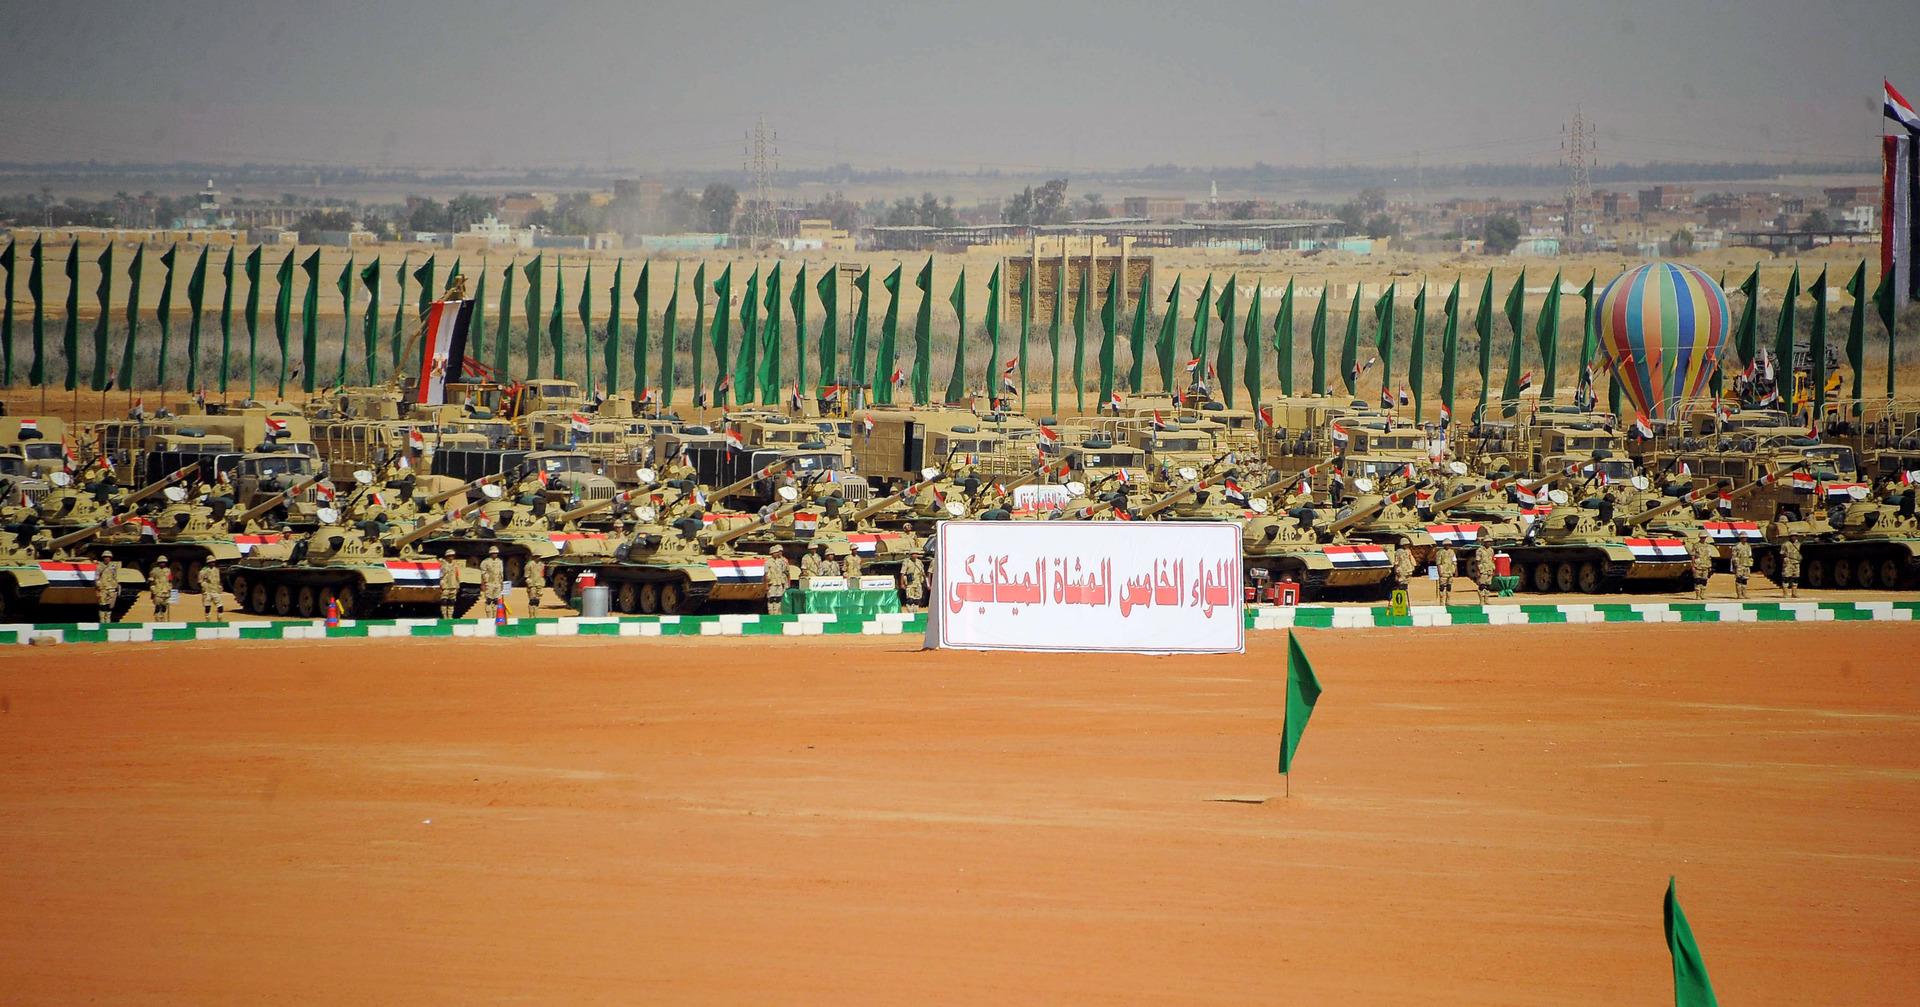 الهيئة الهندسية للجيش المصري تعلن عن مشروعات في سيناء بقيمة تقارب نصف ترليون جنيه
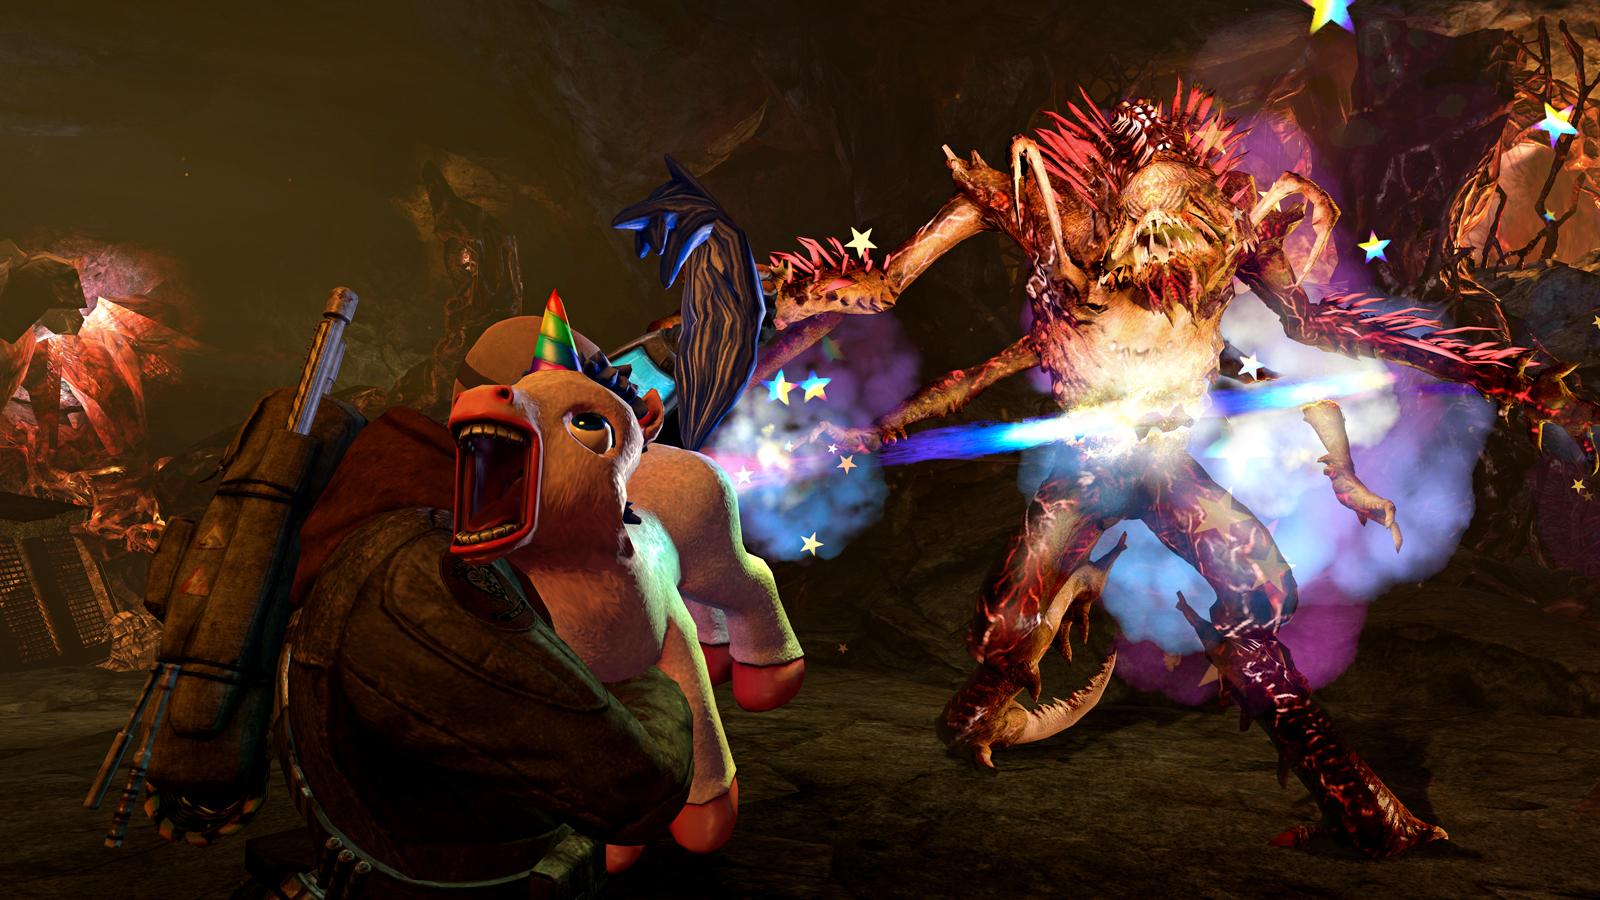 Pony de destrucción masiva para salvar Marte [Arcoiris FTW!!]
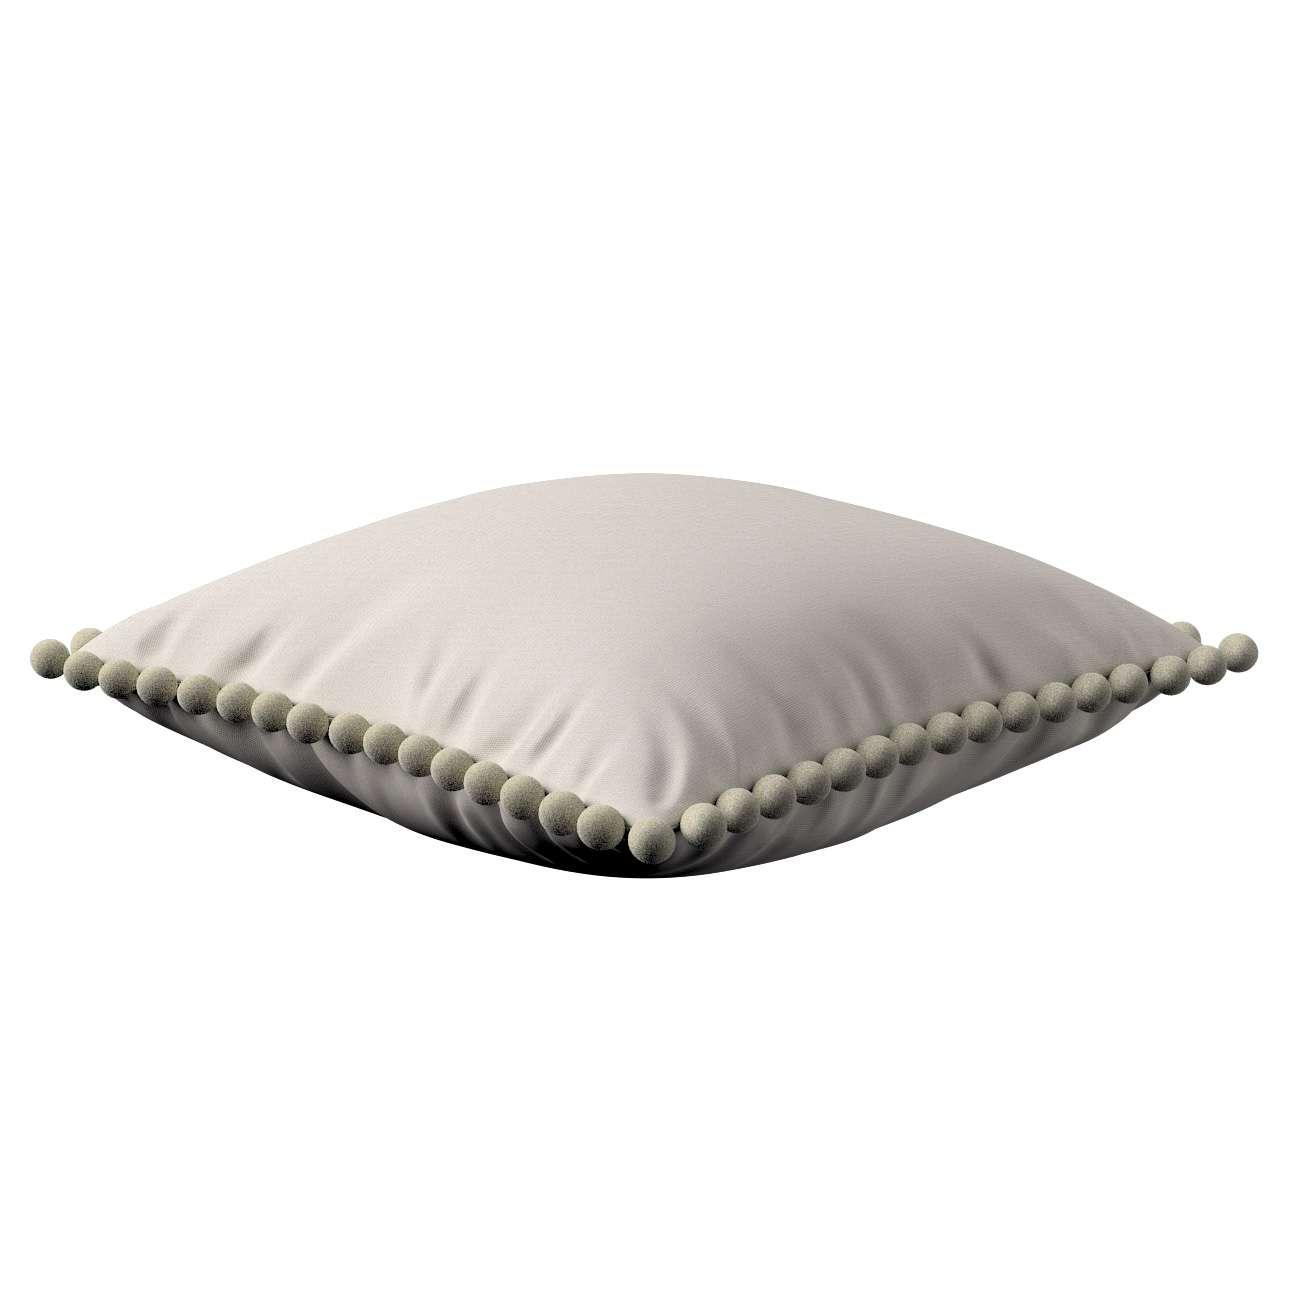 Wera dekoratyvinės pagalvėlės užvalkalas su žaismingais kraštais 45 x 45 cm kolekcijoje Cotton Panama, audinys: 702-31

══════

Task »
The expected output is exactly the lines from the one containing "Pony de destrucción" through the last line of the listing, both included, with every picture left out.

Exercise solution »
 Pony de destrucción masiva para salvar Marte [Arcoiris FTW!!]
 Wera dekoratyvinės pagalvėlės užvalkalas su žaismingais kraštais 45 x 45 cm kolekcijoje Cotton Panama, audinys: 702-31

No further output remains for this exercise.